AcademyKinematics
Academy
Energy
Level 1 - Math II (Physics) topic page in Kinematics.
Principle
Energy is a scalar quantity used to track the ability of a system to produce changes such as motion, deformation, or heating. In particle mechanics, kinetic energy depends on speed, while potential energy is associated with position in a conservative force field.

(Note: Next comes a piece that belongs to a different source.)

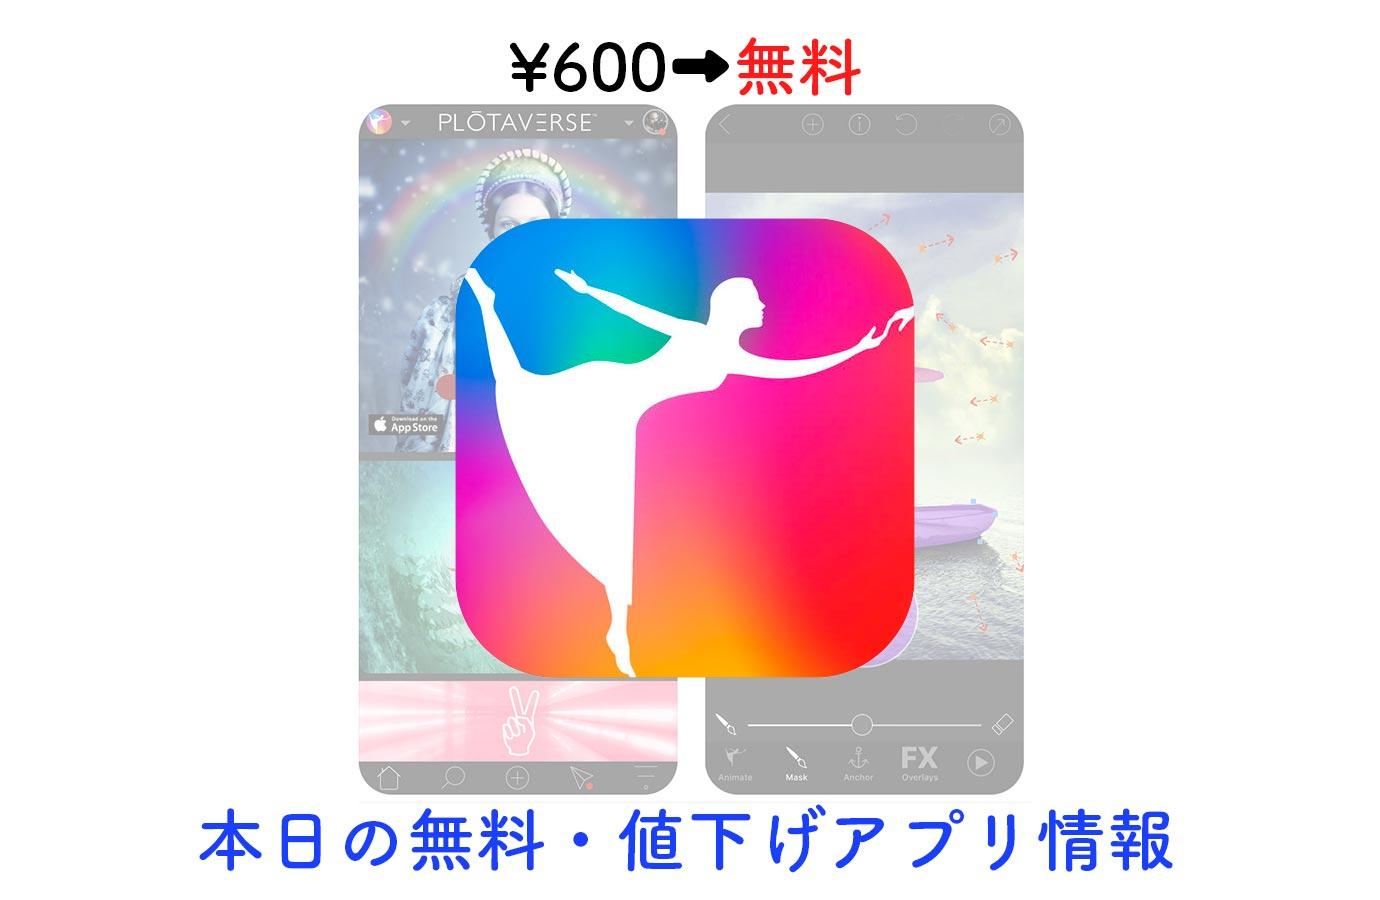 ¥600→無料、写真の一部が動くシネマグラフが作れる「Plotaverse Photo Animator」など【2/15】本日の無料・値下げアプリ情報

Mechanical energy is the sum of kinetic and potential energy. Under conservative forces and no dissipative work, mechanical energy is constant.
Notation
\(K\)
kinetic energy
\(\mathrm{J}\)
\(U\)
potential energy
\(\mathrm{J}\)
\(E\)
mechanical energy
\(\mathrm{J}\)
\(m\)
mass
\(\mathrm{kg}\)
\(\mathbf v\)
velocity
\(\mathrm{m\,s^{-1}}\)
\(|\mathbf v|\)
speed
\(\mathrm{m\,s^{-1}}\)
Method
Step 1: Compute kinetic energy from speed
Kinetic energy uses speed squared, not velocity direction:
Kinetic energy
\[K=\frac{1}{2}m|\mathbf v|^2\]
Step 2: Add potential energy when it is defined
If a conservative model assigns a potential energy \(U\), combine it with kinetic energy:
Mechanical energy
\[E=K+U\]
Step 3: Apply conservation only when justified
If no non-conservative work changes the system energy, the mechanical energy does not change:
Conservation condition
\[\Delta E=0\]
Rules
Energy change
\[\Delta E=E_2-E_1\]
Joule unit
\[1\,J=1\,kg\,m^2\,s^{-2}\]
Conservative force relation
\[\mathbf F=-\nabla U\]
- Energy is scalar, so it has no direction.
- Kinetic energy is always non-negative when mass is positive.
- Potential energy can be shifted by an arbitrary constant; potential-energy differences matter physically.
- Conservation of mechanical energy is a modelling statement, not an automatic rule for every system.
Examples
Question
Find the kinetic energy of a
\[3\]
kg particle moving at speed \[4\]
\[m s^{-1}\]
Answer
Use
\[K=\frac{1}{2}m|\mathbf v|^2\]
Then \[K=\frac{1}{2}(3)(4^2)=24\]
J.Checks
- Do not attach a direction to energy; energy is scalar.
- Use speed magnitude in kinetic energy, not a signed velocity component unless the motion is one-dimensional and speed is its absolute value.
- State the conservation assumption before setting \(E_1=E_2\).
- Keep joules consistent: \(J=N\,m=kg\,m^2\,s^{-2}\).